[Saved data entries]

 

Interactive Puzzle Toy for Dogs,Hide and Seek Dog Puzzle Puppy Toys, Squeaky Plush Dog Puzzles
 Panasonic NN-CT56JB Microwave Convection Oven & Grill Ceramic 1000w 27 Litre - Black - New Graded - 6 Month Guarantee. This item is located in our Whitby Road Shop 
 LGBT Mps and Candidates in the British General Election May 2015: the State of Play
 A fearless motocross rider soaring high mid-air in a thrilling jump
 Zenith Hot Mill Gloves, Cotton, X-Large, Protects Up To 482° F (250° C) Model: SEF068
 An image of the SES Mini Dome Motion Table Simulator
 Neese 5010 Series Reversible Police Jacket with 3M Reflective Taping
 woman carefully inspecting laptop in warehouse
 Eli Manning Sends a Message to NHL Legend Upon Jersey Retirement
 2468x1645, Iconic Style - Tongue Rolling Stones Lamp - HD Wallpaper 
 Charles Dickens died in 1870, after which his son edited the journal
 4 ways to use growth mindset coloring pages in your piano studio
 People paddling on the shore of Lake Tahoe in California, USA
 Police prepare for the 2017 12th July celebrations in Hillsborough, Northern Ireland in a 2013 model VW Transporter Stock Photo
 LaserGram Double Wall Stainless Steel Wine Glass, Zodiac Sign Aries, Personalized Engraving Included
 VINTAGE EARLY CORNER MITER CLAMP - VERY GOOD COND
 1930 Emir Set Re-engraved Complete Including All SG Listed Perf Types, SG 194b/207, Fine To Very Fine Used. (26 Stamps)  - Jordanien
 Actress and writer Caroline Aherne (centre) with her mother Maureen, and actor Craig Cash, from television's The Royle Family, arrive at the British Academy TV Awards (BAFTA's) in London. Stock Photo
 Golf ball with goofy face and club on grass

**EXERCISE BRIEF:** Which lines run from the one containing "Neese 5010 Series" to the end of the entries above? Quote exactly those, and only those.

**OUTPUT:**
 Neese 5010 Series Reversible Police Jacket with 3M Reflective Taping
 woman carefully inspecting laptop in warehouse
 Eli Manning Sends a Message to NHL Legend Upon Jersey Retirement
 2468x1645, Iconic Style - Tongue Rolling Stones Lamp - HD Wallpaper 
 Charles Dickens died in 1870, after which his son edited the journal
 4 ways to use growth mindset coloring pages in your piano studio
 People paddling on the shore of Lake Tahoe in California, USA
 Police prepare for the 2017 12th July celebrations in Hillsborough, Northern Ireland in a 2013 model VW Transporter Stock Photo
 LaserGram Double Wall Stainless Steel Wine Glass, Zodiac Sign Aries, Personalized Engraving Included
 VINTAGE EARLY CORNER MITER CLAMP - VERY GOOD COND
 1930 Emir Set Re-engraved Complete Including All SG Listed Perf Types, SG 194b/207, Fine To Very Fine Used. (26 Stamps)  - Jordanien
 Actress and writer Caroline Aherne (centre) with her mother Maureen, and actor Craig Cash, from television's The Royle Family, arrive at the British Academy TV Awards (BAFTA's) in London. Stock Photo
 Golf ball with goofy face and club on grass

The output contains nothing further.